But, I suspect your main reservation is not with the writing, but with the content...


Jonathan You raise an important point. Some of the roughness can be attributed to the fact that I read the "unexpurgated" edition, which is just a draft.

However, the real problem lies in the story's characters. They are not believable. I do blame their woodenness largely on Dreiser's philosophy rather than on his prose ability. But isn't that the best test of his philosophy? If his ideas lead him to portray "common" people as hollow shells of what I know them to be in real life, then his philosophy is evidently wrong. It makes false predictions.


Michele Did Wilson really say that? Spot on...


Marcia Lonteen-Martin I totally disagree. If you judge the book by modern standards, of course, it comes off stuffy. I let myself enter into the time period of the book. Somehow the story of an sheltered,inexperienced girl heading to the big city 100 or so years ago seems entirely believable. I loved this novel. It is an extraordinary study of human psychology and the way some manipulate others and others are manipulated and also the entitlement some of these characters feel they deserve. Dreiser laid the mental process out step by step as it occurred. The ending remains a testimonial to these people's mistaken efforts toward true happiness.


Robert Maier If you don't like Victorian lit, you'll hate this book. Dreiser can construct a convoluted Victorian sentence like no one else. If you're looking for Jack Kerouac, this ain't it. But the book is a peep hole into late 19th century that is shocking for the time. It's a pleasure to see that the venality, shallowness,and vanity were alive in 1900 as much as they are today. Dreiser's bourgeois would feel quite at home in today's suburban golf course country club culture.


message 6: by Spw (new) - rated it 4 stars

Spw Though I respect your views, I completely disagree. Though Dreiser's writing his somewhat difficult to read, the novel is still a sort-of American classic. I sincerely believe that his characters are well-developed and are far from cliches


message 7: by Jason Williams (new)

Jason Williams I've only read bits. But my take on this is that both the (Progressive) story and the prose itself are relics of this time. Dreiser may have been reading Jacob Riis, Gabriel Tarde, G. Stanley Hall, Gustave Le Bon, and/or John Dewey, any of whom would have influenced a fiction writer's approach to character development at the time.


Robert Moscalewk Oh, humans are not actually like that. Thank heavens humans are not like fictional characters, otherwise we would be doomed.

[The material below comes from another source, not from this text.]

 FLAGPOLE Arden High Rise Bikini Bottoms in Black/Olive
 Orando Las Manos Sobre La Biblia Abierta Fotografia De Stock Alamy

Danny Lindsay "Humans are not actually like that."
I lived on the street for a brief period and I can assure you that the section in which Hurstwood is living on the street is the most accurate depiction of homelessness I've ever come across.
Of course the book comes across as old-fashioned and priggish, it's from an America that no longer exists. Read Hogg if you want edgy/outrageous depictions of sexuality.
Dreiser's writing is awkward but when he gets it right it's lyrical and wild and poetic:
"Ah, the promise of the night. What does it not hold for the weary! What old illusion of hope is not here forever repeated! Says the soul of the toiler to itself, "I shall soon be free. I shall be in the ways and the hosts of the merry. The streets, the lamps, the lighted chamber set for dining, are for me. The theater, the halls, the parties, the ways of rest and the paths of song - these are mine in the night."
I think that's some damn pretty stuff, if a little purple. For a guy known more for his "gritty realism" he can really pour it on. Sister Carrie is his masterpiece.


Ruthmgon Ya should have started at page 350! The last pages were the best of the novel...but I am with you. It doesn't become better writing..but the characters seem to be more interesting in their wealth and poverty opposites. The side characters are introduced and so there is some filling in of the culture and city environment that made it better. (not less depressing in any way however)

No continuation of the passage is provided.